Data correction 21.06.24
We reviewed and corrected several structures following remarks of challenge participants.
The corrections were done mainly for mixtures and salts.
Structure check was extended to prioritise structures as provided by ACS CAS service.
In cases when CAS suggestions were ambiguos, we used structures as retrived from
PubChem.

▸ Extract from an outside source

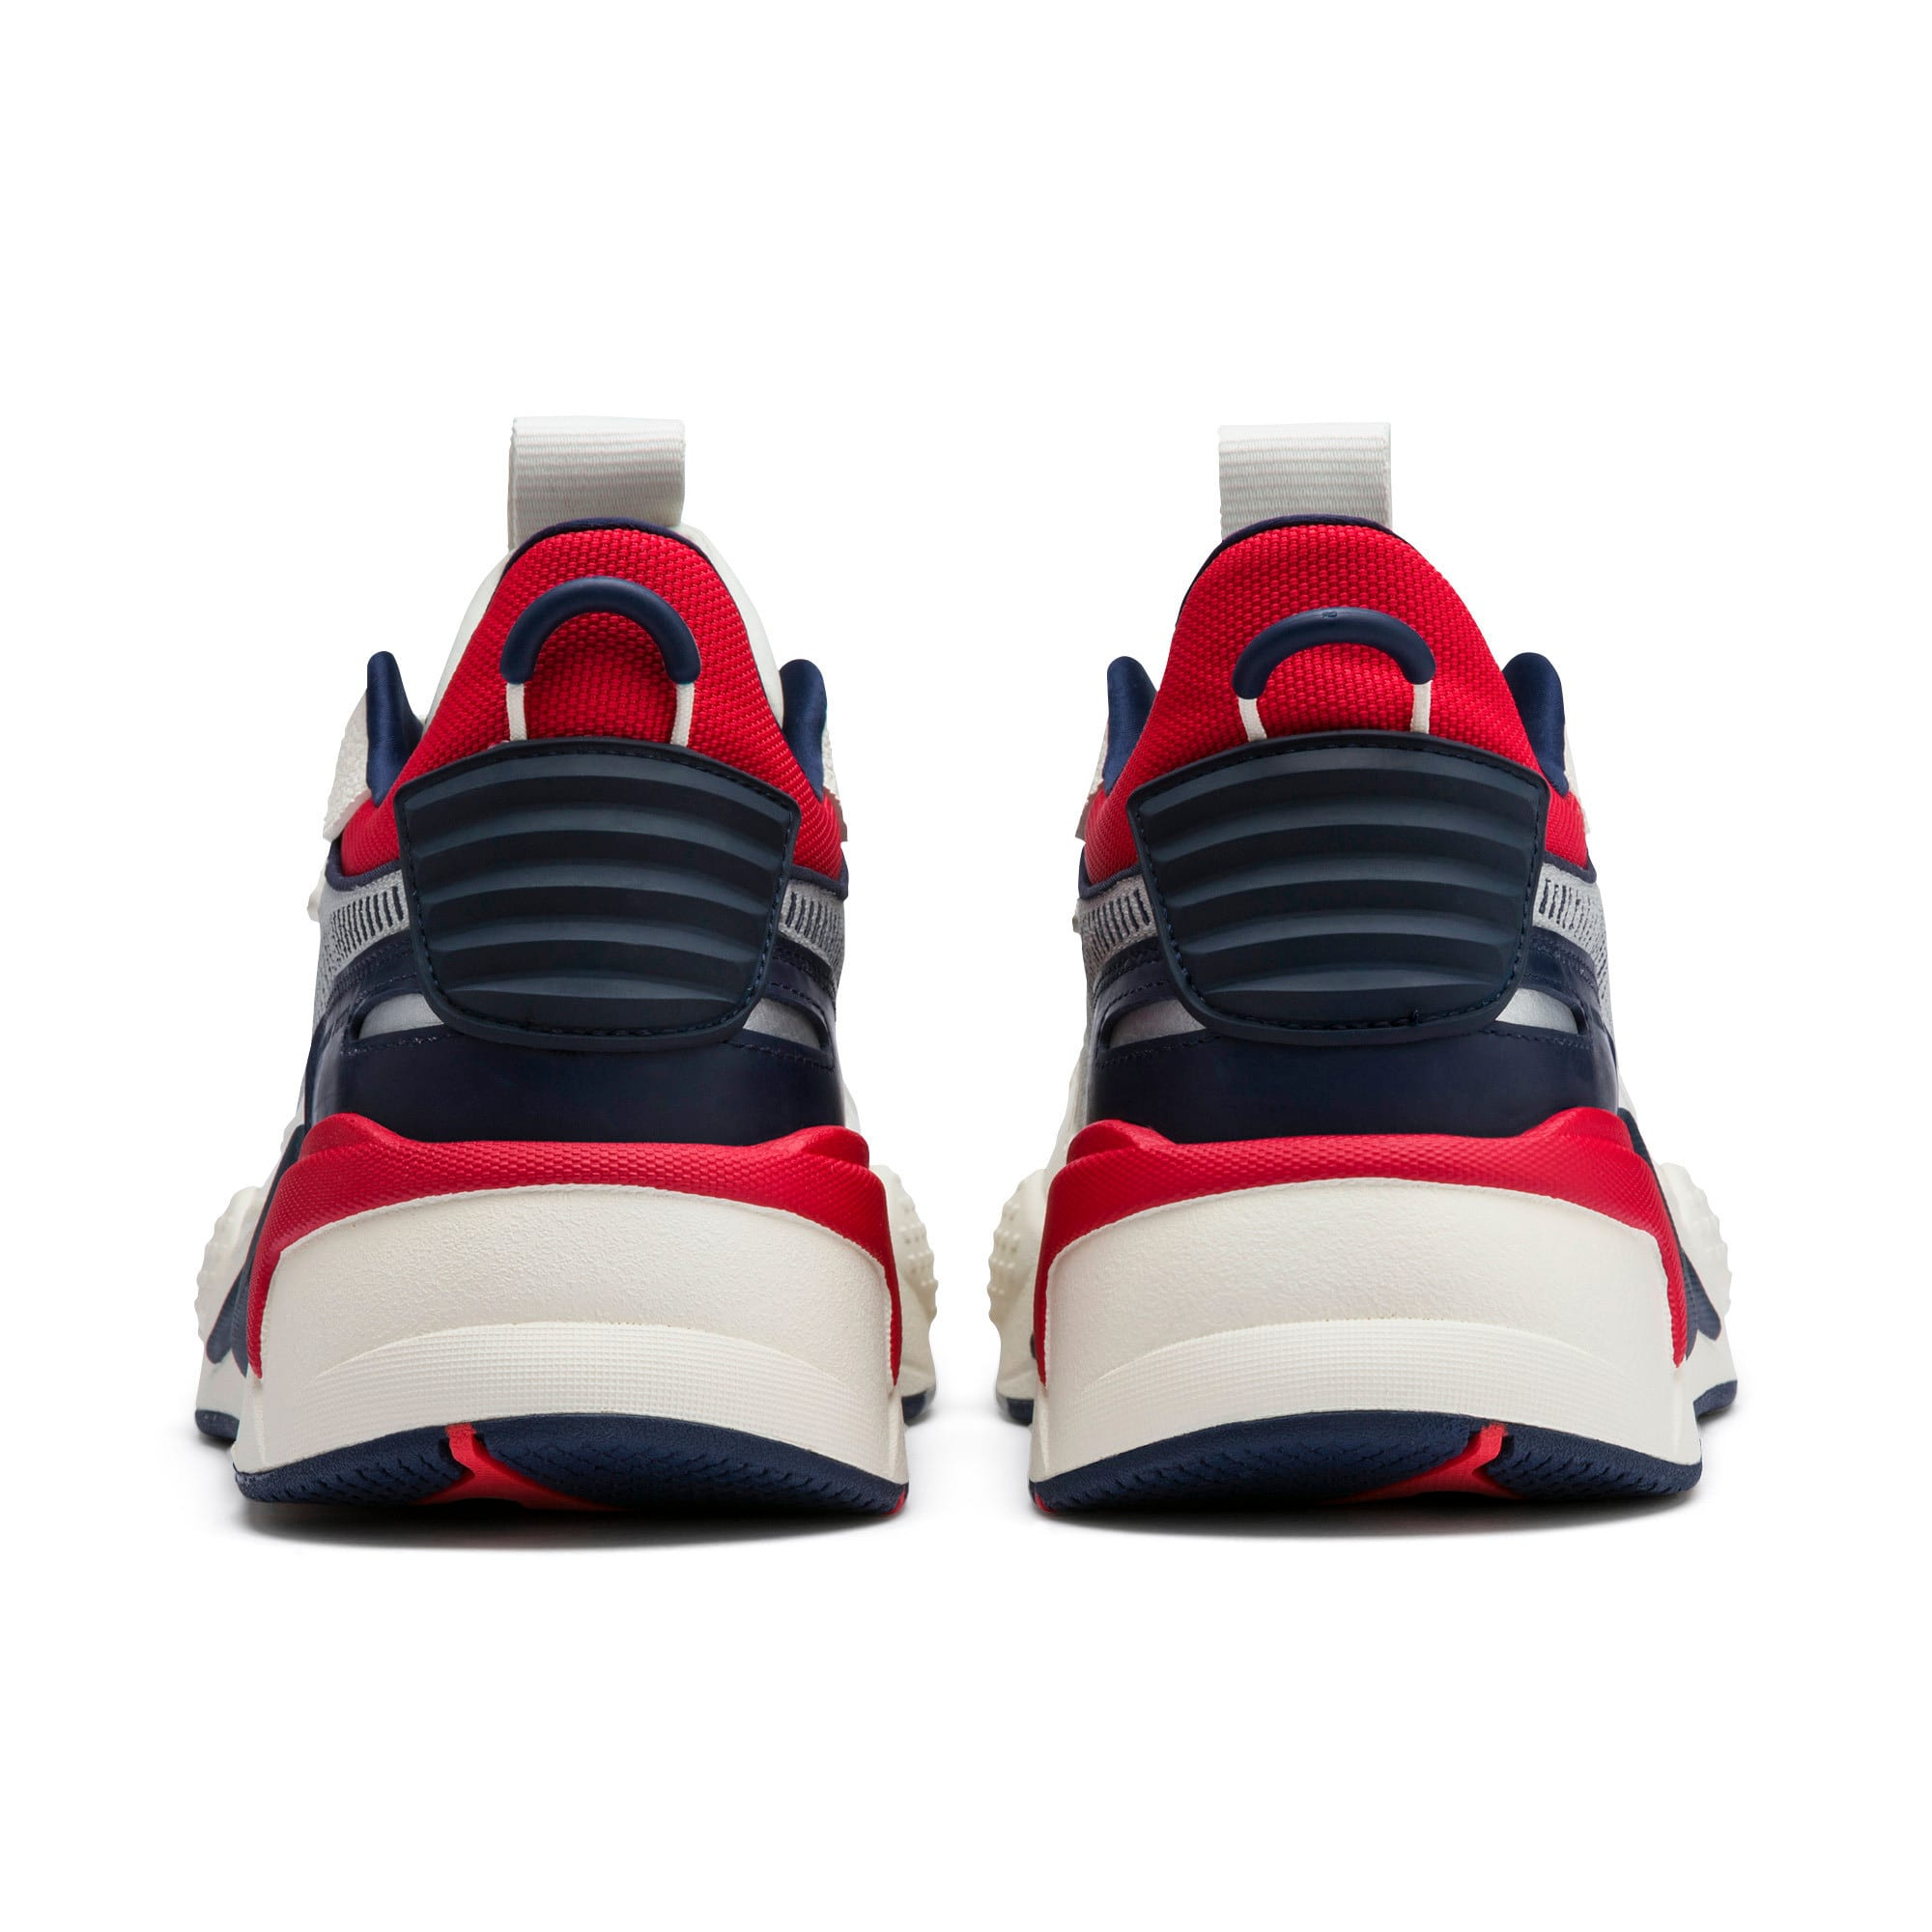 Thumbnail 4 of RS-X Hard Drive Sneakers, Whisper White-Peacoat, medium
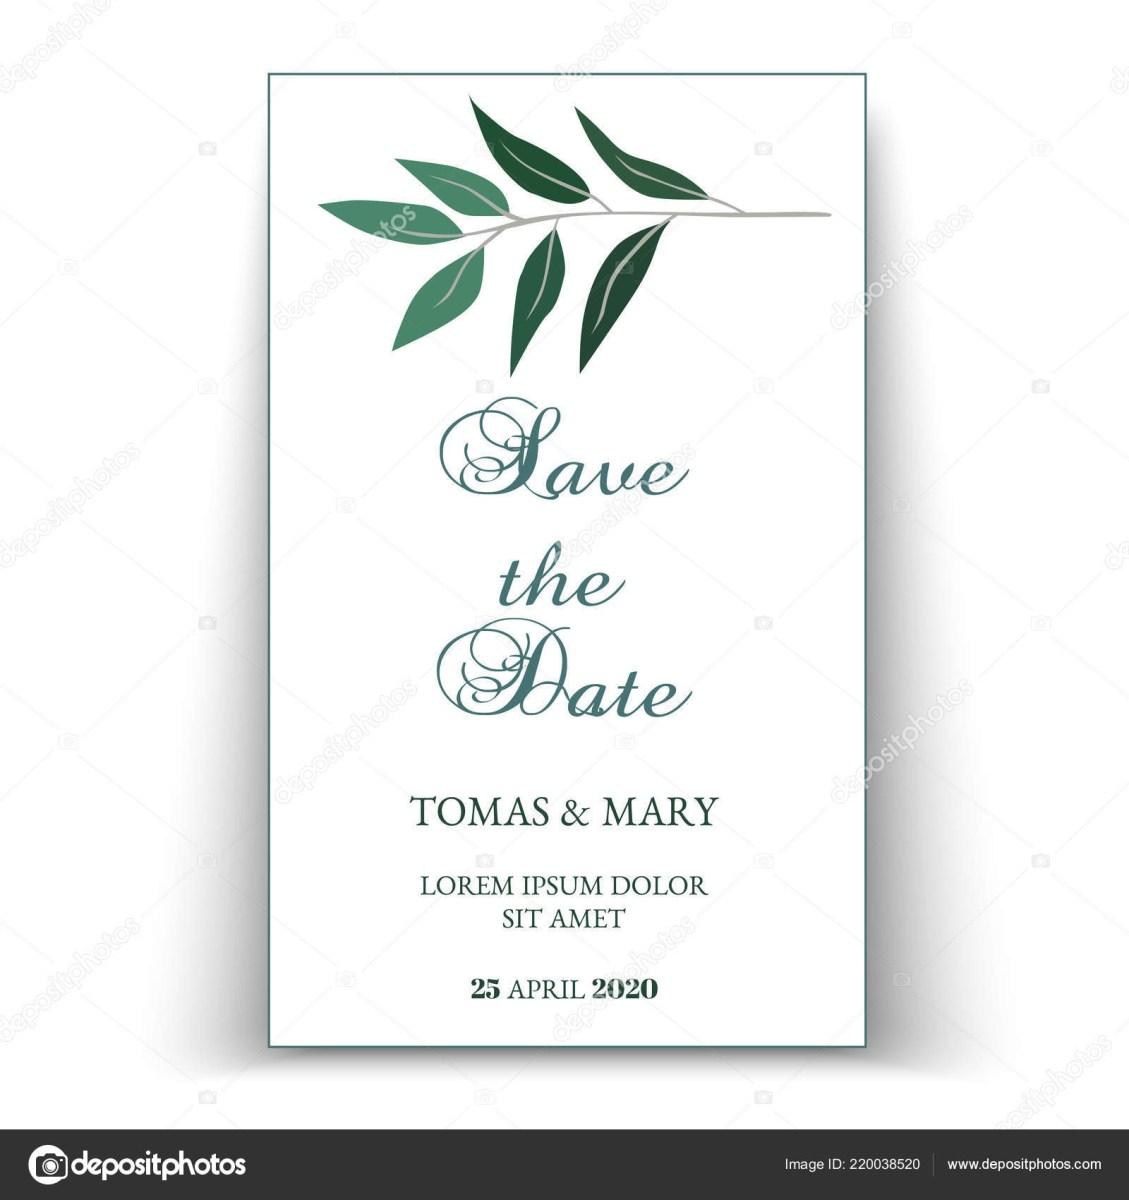 Printable Wedding Invitations Templates Greenery Wedding Invitation Template Printable Wedding Invites

The structural information and descripors (see below) were also updated.
Leaderboard set was released 15.08.24
You may use this set to increase accuracy of your model.
The Challenge data were collected from the EPA dataset, which was split into training, leaderboard and blind sets.
The datasets (SMILES and activity for the training set) can be retrived from the original
EPA dataset or downloaded from these links:
You can use these sets to develop and test models directly within OCHEM or/and calculate
and export descriptors for external model development.
A preliminary analysis (OCHEM results for the training set) showed that best five cross-validation Root Mean Squared Error (RMSE) values were
24-25%
and 21-23% for the training and the leaderboard sets, respectively. Data for the leaderboard
set were released on August 15th.
The higher accuracy obtained for the leaderboard set could be the result of (a) more
accurate structural information of molecules in this set and/or (b) the use of the data split procedure.
The performance for the leaderboard set developed by Random Forest using AlogPS + OEstate descriptors (baseline model) is shown as an entry for itetko_acs.
This user did not participate to the challenge, nor did other organisers of the Challenge.